The caller will get a {py:class}`~asyncio.CancelledError` exception when the team is aborted.
# Create a cancellation token.
cancellation_token = CancellationToken()
# Use another coroutine to run the team.
run = asyncio.create_task(
team.run(
task="Translate the poem to Spanish.",
cancellation_token=cancellation_token,
)
)
# Cancel the run.
cancellation_token.cancel()
try:
result = await run # This will raise a CancelledError.
except asyncio.CancelledError:
print("Task was cancelled.")
Starting with version 0.6.2, you can use {py:class}`~autogen_agentchat.agents.AssistantAgent`
with `max_tool_iterations` to run the agent with multiple iterations
of tool calls. So you may not need to use a single-agent team if you just
want to run the agent in a tool-calling loop.
Often, you may want to run a single agent in a team configuration.
This is useful for running the {py:class}~autogen_agentchat.agents.AssistantAgent in a loop
until a termination condition is met.
This is different from running the {py:class}~autogen_agentchat.agents.AssistantAgent using
its {py:meth}~autogen_agentchat.agents.BaseChatAgent.run or {py:meth}~autogen_agentchat.agents.BaseChatAgent.run_stream method,
which only runs the agent for one step and returns the result.
See {py:class}~autogen_agentchat.agents.AssistantAgent for more details about a single step.
Here is an example of running a single agent in a {py:class}~autogen_agentchat.teams.RoundRobinGroupChat team configuration
with a {py:class}~autogen_agentchat.conditions.TextMessageTermination condition.
The task is to increment a number until it reaches 10 using a tool.

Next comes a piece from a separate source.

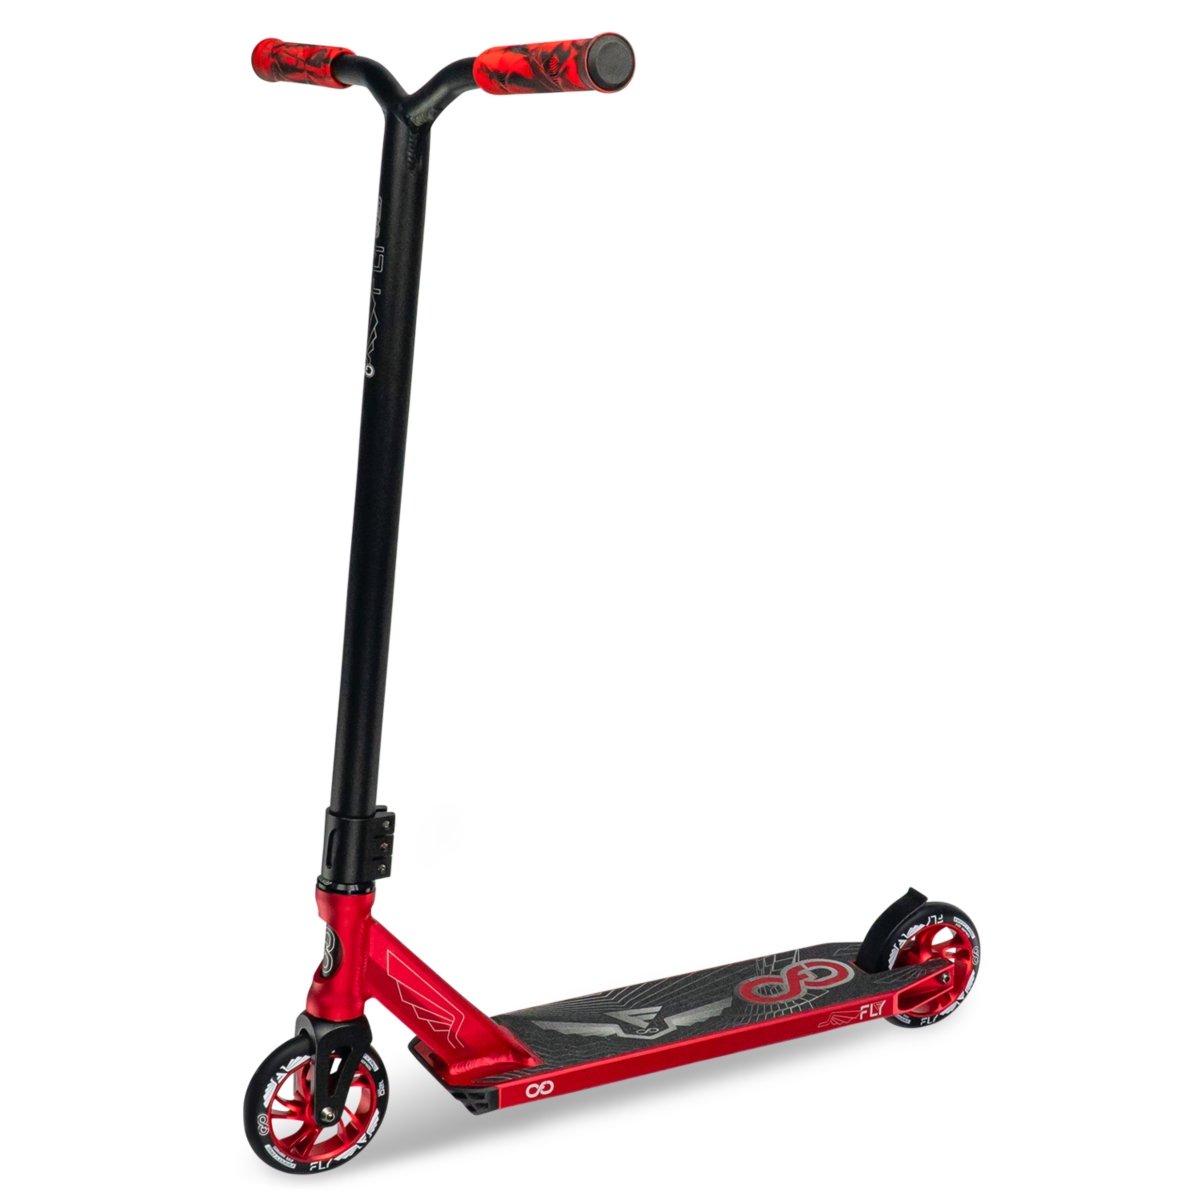 Fly Kick Scooter By Fun Trick Scooters For Stunts On The Street And Skate Park - Black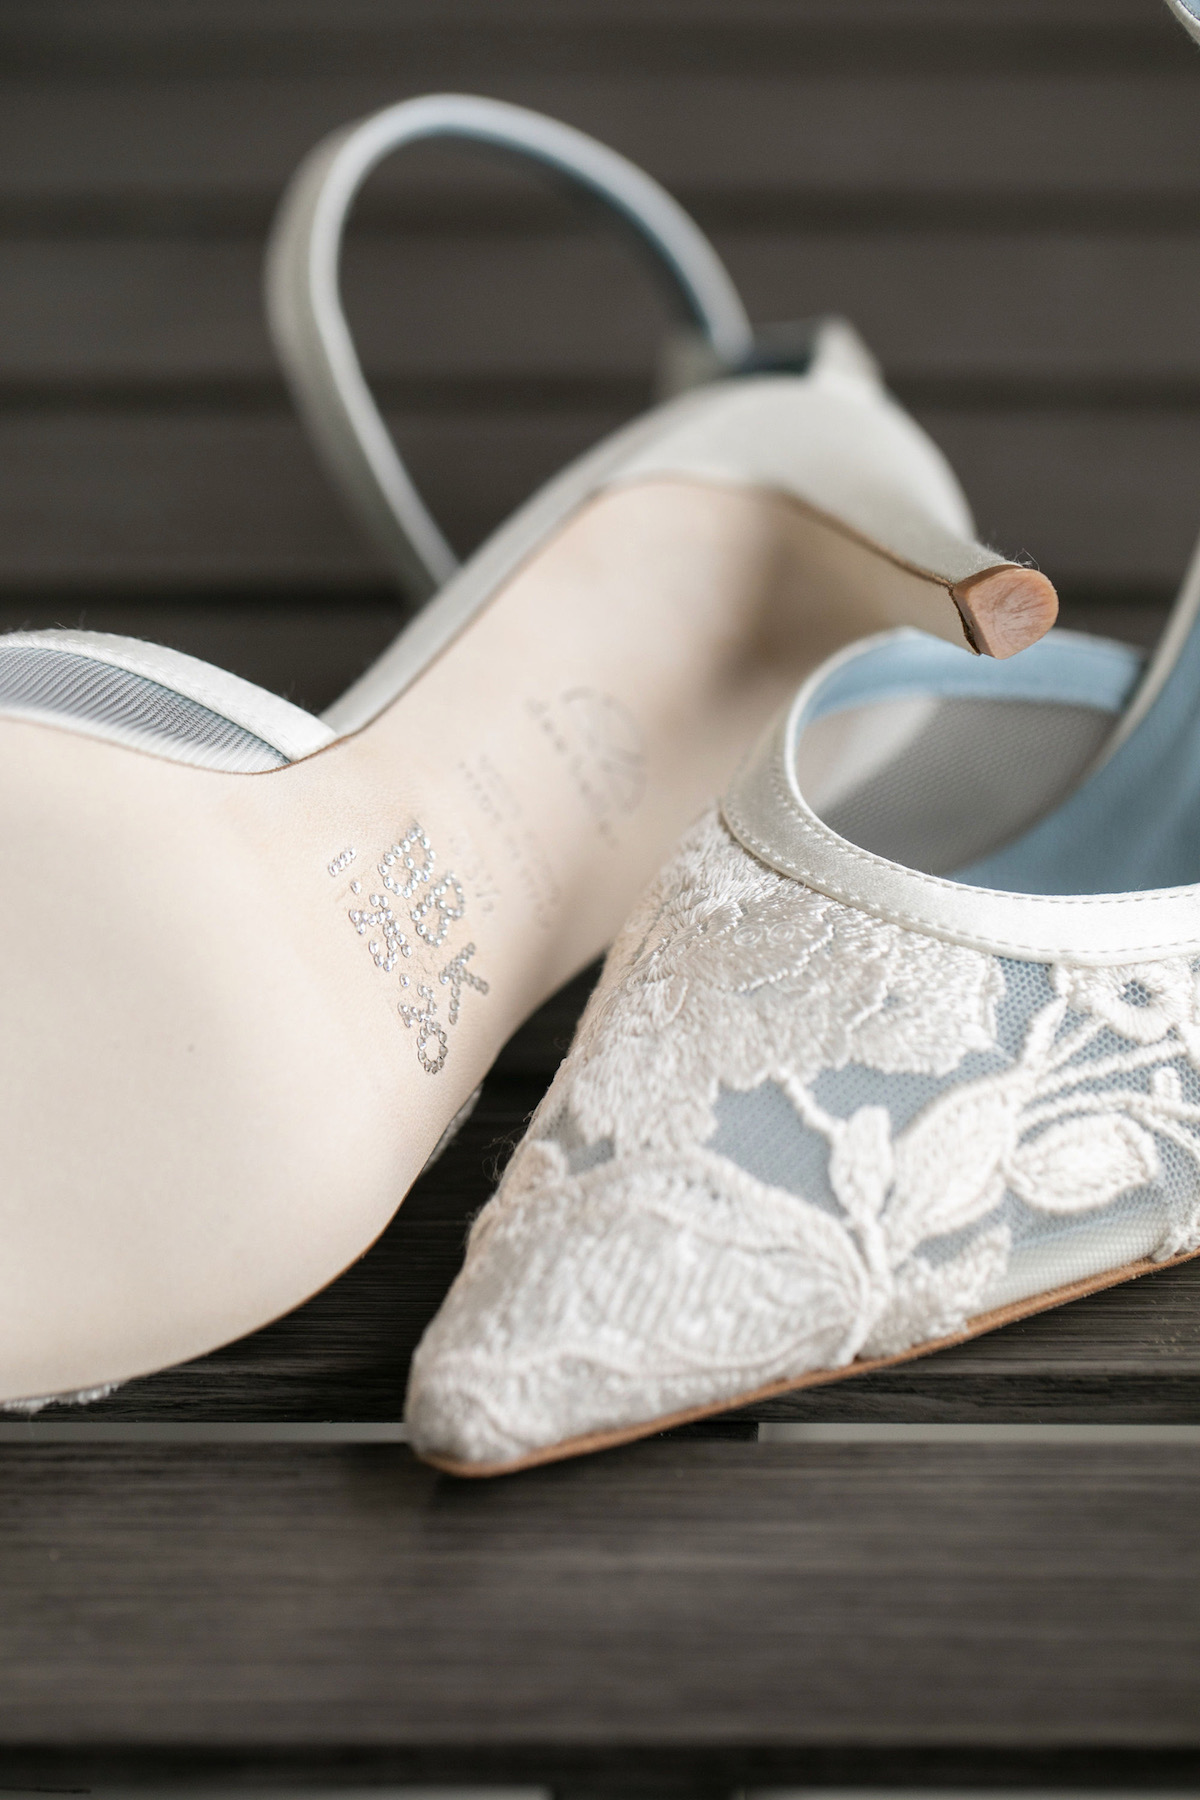 brighton keller wedding shoes with lace

The agent will keep calling the tool until the number reaches 10,
and then it will return a final {py:class}~autogen_agentchat.messages.TextMessage
which will stop the run.
from autogen_agentchat.agents import AssistantAgent
from autogen_agentchat.conditions import TextMessageTermination
from autogen_agentchat.teams import RoundRobinGroupChat
from autogen_agentchat.ui import Console
from autogen_ext.models.openai import OpenAIChatCompletionClient
model_client = OpenAIChatCompletionClient(
model="gpt-4o",
# api_key="sk-...", # Optional if you have an OPENAI_API_KEY env variable set.
# Disable parallel tool calls for this example.
parallel_tool_calls=False, # type: ignore
)
# Create a tool for incrementing a number.
def increment_number(number: int) -> int:
"""Increment a number by 1."""
return number + 1
# Create a tool agent that uses the increment_number function.
looped_assistant = AssistantAgent(
"looped_assistant",
model_client=model_client,
tools=[increment_number], # Register the tool.
system_message="You are a helpful AI assistant, use the tool to increment the number.",
)
# Termination condition that stops the task if the agent responds with a text message.
termination_condition = TextMessageTermination("looped_assistant")
# Create a team with the looped assistant agent and the termination condition.
team = RoundRobinGroupChat(
[looped_assistant],
termination_condition=termination_condition,
)
# Run the team with a task and print the messages to the console.
async for message in team.run_stream(task="Increment the number 5 to 10."): # type: ignore
print(type(message).__name__, message)
await model_client.close()
The key is to focus on the termination condition.
In this example, we use a {py:class}~autogen_agentchat.conditions.TextMessageTermination condition
that stops the team when the agent stop producing {py:class}~autogen_agentchat.messages.ToolCallSummaryMessage.
The team will keep running until the agent produces a {py:class}~autogen_agentchat.messages.TextMessage with the final result.
You can also use other termination conditions to control the agent. See Termination Conditions for more details.